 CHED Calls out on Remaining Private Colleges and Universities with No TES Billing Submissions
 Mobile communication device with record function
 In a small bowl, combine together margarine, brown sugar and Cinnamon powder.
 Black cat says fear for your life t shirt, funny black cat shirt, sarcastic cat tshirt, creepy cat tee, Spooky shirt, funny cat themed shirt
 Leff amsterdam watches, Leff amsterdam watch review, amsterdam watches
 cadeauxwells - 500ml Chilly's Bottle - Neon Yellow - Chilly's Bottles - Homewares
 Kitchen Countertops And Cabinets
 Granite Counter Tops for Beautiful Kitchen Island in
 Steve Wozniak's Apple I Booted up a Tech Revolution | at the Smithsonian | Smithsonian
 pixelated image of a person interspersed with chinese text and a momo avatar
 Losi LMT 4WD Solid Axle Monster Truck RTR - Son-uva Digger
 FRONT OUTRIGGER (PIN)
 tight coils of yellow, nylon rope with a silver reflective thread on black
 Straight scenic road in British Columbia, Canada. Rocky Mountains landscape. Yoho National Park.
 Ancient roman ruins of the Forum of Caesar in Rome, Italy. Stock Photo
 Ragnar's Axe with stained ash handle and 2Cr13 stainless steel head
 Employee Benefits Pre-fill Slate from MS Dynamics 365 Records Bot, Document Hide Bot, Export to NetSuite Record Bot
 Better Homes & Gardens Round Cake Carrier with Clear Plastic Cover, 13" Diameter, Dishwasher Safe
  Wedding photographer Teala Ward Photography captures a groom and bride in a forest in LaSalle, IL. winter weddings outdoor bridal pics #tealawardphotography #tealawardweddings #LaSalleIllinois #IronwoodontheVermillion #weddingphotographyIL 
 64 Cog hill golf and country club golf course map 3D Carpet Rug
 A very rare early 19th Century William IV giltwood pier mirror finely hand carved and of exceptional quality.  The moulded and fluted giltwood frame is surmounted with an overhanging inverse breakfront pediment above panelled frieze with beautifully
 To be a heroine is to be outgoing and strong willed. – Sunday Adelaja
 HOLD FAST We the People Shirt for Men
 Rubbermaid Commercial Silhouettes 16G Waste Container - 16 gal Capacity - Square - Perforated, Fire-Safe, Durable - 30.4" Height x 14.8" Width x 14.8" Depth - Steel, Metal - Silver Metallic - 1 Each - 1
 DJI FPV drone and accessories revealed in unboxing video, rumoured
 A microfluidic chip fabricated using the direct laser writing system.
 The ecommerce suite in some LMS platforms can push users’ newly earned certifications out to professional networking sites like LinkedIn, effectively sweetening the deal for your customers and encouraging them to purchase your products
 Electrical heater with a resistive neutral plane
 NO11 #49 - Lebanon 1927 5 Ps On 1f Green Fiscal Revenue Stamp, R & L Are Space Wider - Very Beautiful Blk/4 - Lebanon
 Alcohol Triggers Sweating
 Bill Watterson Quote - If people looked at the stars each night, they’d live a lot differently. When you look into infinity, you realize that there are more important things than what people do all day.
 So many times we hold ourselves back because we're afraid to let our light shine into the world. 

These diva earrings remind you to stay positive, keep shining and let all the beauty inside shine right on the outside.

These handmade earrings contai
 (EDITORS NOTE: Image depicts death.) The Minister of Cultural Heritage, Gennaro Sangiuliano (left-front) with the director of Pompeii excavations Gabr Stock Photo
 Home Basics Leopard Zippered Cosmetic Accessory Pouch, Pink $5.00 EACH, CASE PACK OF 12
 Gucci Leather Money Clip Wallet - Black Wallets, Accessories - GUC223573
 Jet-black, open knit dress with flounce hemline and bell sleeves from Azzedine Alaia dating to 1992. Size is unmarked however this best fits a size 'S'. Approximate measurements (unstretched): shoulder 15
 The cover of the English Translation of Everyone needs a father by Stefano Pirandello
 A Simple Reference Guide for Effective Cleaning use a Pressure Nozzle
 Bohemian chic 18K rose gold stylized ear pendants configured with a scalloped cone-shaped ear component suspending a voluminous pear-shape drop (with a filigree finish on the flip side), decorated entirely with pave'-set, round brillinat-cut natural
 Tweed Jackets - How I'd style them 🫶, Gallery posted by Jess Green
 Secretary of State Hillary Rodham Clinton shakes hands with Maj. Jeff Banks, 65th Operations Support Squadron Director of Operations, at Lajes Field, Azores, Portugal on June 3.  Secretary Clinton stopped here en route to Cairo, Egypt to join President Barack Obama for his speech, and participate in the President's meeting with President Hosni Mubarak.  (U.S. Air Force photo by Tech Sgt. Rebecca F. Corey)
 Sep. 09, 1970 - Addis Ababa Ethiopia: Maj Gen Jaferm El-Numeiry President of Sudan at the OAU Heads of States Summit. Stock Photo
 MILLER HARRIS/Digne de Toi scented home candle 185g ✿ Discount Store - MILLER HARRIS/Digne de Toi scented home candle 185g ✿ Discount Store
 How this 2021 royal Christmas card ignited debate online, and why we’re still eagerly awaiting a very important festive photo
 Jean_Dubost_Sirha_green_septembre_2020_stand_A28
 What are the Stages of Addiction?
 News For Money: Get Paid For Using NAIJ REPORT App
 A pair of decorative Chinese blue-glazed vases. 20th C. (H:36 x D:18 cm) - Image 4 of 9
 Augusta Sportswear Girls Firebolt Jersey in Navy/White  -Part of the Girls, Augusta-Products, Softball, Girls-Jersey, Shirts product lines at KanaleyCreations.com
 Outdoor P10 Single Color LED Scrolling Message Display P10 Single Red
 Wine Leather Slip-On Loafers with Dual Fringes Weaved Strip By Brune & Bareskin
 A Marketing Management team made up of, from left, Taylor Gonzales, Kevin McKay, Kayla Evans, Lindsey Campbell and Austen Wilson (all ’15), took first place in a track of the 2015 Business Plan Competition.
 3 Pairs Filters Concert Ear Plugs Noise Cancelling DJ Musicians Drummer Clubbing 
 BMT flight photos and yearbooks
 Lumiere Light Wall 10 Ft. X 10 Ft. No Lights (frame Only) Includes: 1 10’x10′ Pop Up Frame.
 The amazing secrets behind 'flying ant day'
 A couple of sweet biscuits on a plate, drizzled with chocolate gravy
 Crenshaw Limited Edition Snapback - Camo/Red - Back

================================

### About this task
What is needed is every line from the start of the entries through the line containing "In a small bowl, combine", returned word for word and nothing else.

### Task output
 CHED Calls out on Remaining Private Colleges and Universities with No TES Billing Submissions
 Mobile communication device with record function
 In a small bowl, combine together margarine, brown sugar and Cinnamon powder.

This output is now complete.